“Then why, exactly, do you wish me to prohibit the child from coming to Challis Court?”

“Possibly you have not realised that the child is now five years old?” said Crashaw with an air of conferring illumination.

“Indeed! Yes. An age of some discretion, no doubt,” returned Challis.

“An age at which the State requires that he should receive the elements of education,” continued Crashaw.

“Eh?” said Challis.

“Time he went to school,” explained Mr. Forman. “I’ve been after him, you know. I’m the attendance officer for this district.”

Challis for once committed a breach of good manners. The import of the thing suddenly appealed to his sense of humour: he began to chuckle and then he laughed out a great, hearty laugh, such as had not been stirred in him for twenty years.

“Oh! forgive me, forgive me,” he said, when he had recovered his self-control. “But you don’t know; you can’t conceive the utter, childish absurdity of setting that child to recite the multiplication table with village infants of his own age.

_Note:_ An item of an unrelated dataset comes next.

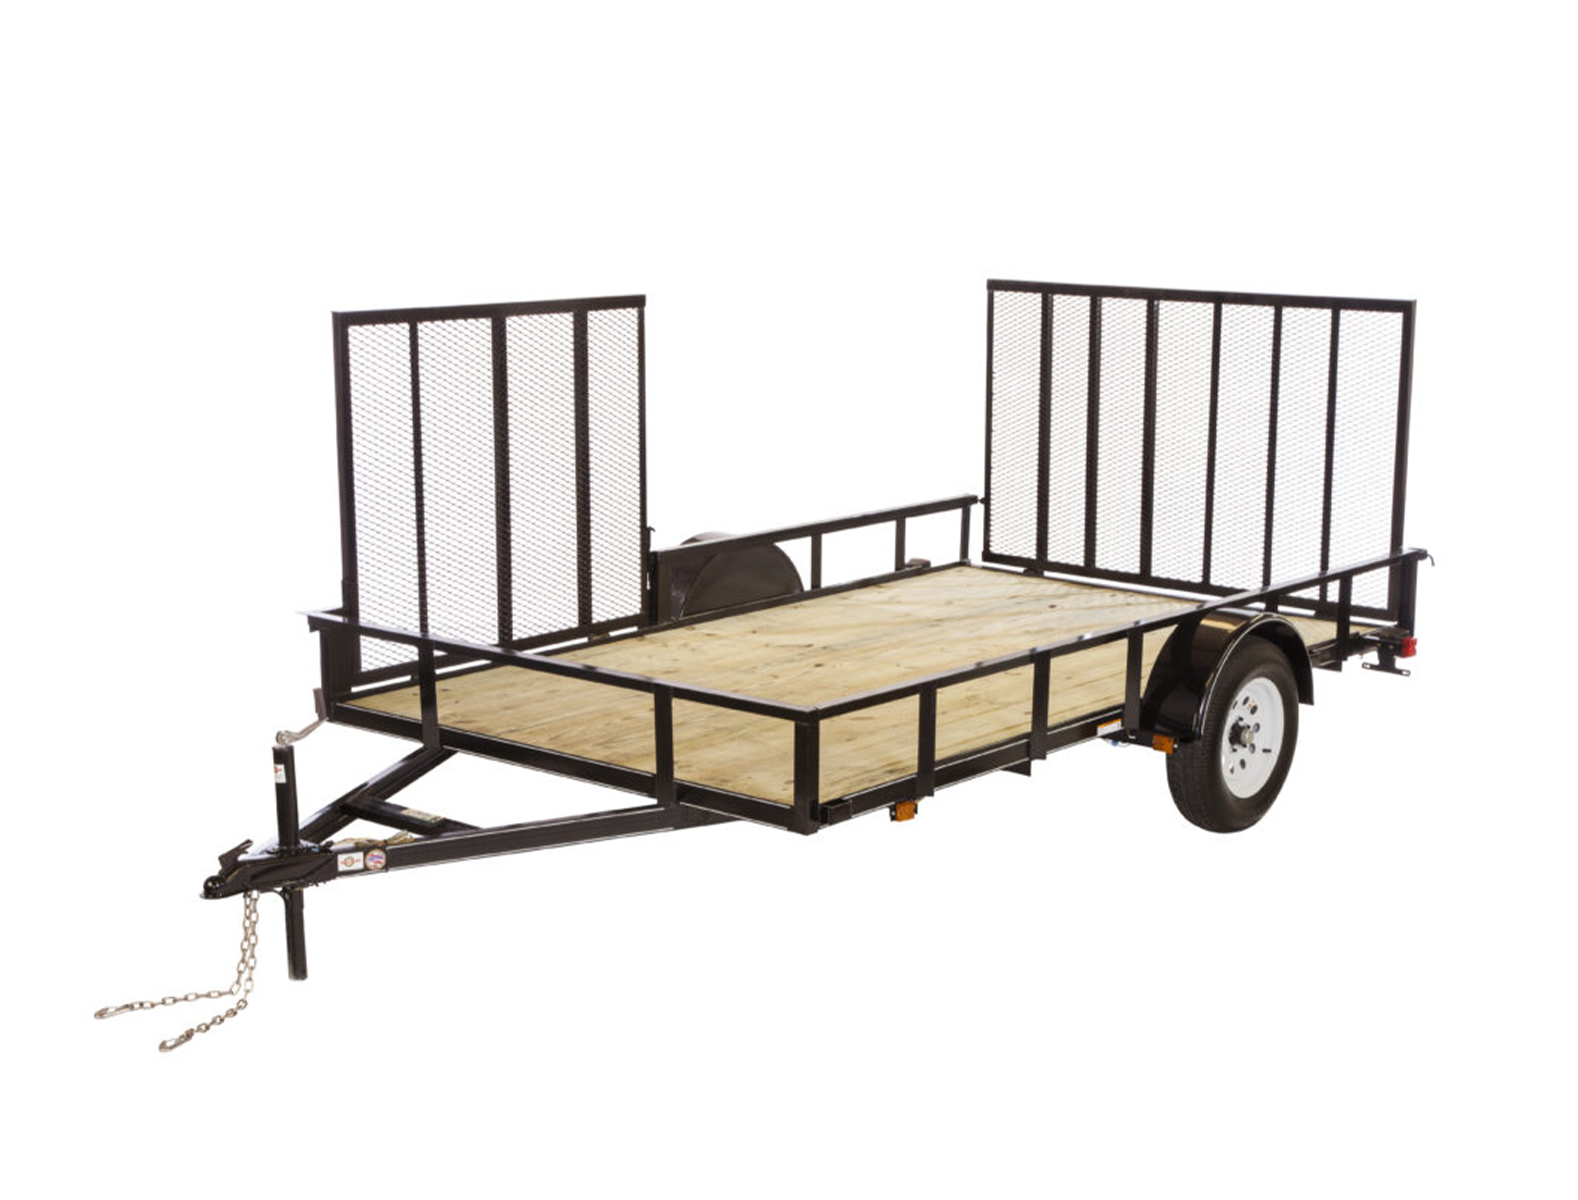 6x12 3K ATV Side Load Utility Trailer with wood floor and two gates

Oh! believe me, if you could only guess, you would laugh with me. It’s so funny, so inimitably funny.”

“I fail to see, Mr. Challis,” said Crashaw, “that there is anything in any way absurd or—or unusual in the preposition.”

“Five is the age fixed by the State,” said Mr. Forman. He had relaxed into a broad smile in sympathy with Challis’s laugh, but he had now relapsed into a fair imitation of Crashaw’s intense seriousness.